Short answer: using logs won't really help. Instead, you should multiply $p$ by something large so that matlab can deal with it, and then divide out in the end.
Long answer:There is a $\log$ for matrices, but it doesn't behave quite the same as $\log$ for numbers, and so it's not quite suitable for computations in the way you think it is.
From Taylor series, we have that $e^x=\sum x^n/n!$ and $\log(1+x)=\sum (-1)^n x^{n+1}/(n+1)$. The fist formula holds for all $x$, the second for $x$ that are close to $0$, and they define inverse functions where they are defined.
Similarly, we can define a matrix $\log$ and matrix exponential by means of the exact same power series. $e^A$ will converge for all $A$, and $\ln(I+A)$ will converge for small matrices (take any linear norm on matrices such that $||AB||\leq ||A|| ||B||$, and the condition $||A||<1$ will work).
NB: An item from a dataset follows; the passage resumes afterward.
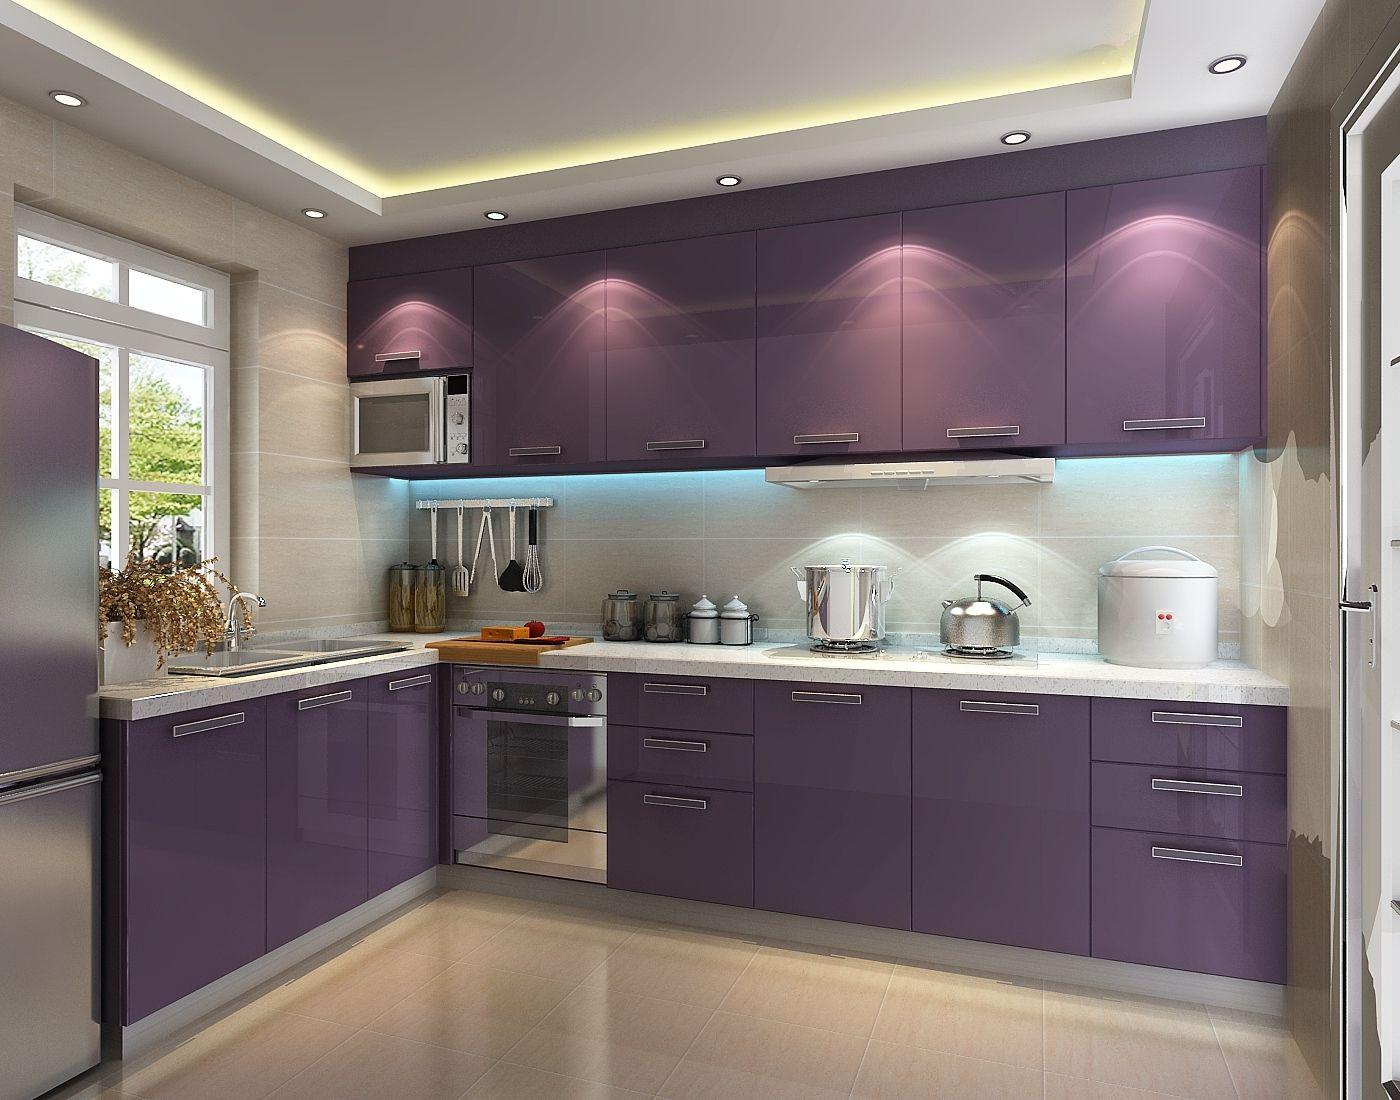 exclusive wonderful purple kitchen ideas | Purple East Gloss Kitchen Cabinet Extraordinary Modern ...

Unfortunately, these do not obey all the properties that you want. For example, $e^{A+B}=e^A e^B$ only when $A$ and $B$ commute with each other. When they don't commute, the Campbell-Baker-Hausdorff formula says what $\log(e^A e^B)$ equals. Because of this, we do not in general have that $\log AB=\log A + \log B$, even when everything is defined.
Even ignoring this problem, we would still need to define the $\log$ of a vector. I honestly don't know where one would begin, other than to take $\log$ of the individual entries, which wouldn't have any immediately useful properties as far as matrix actions are concerned.
If the problem is that Matlab has rounding errors, then you can exploit the fact that matrix multiplication is a linear operator and just multiply $p$ by some large constant $c$, do the calculation, and then divide by $c$ again. Additionally, if you have problems with $D$ or $K$ being too small/large you can do the same to them.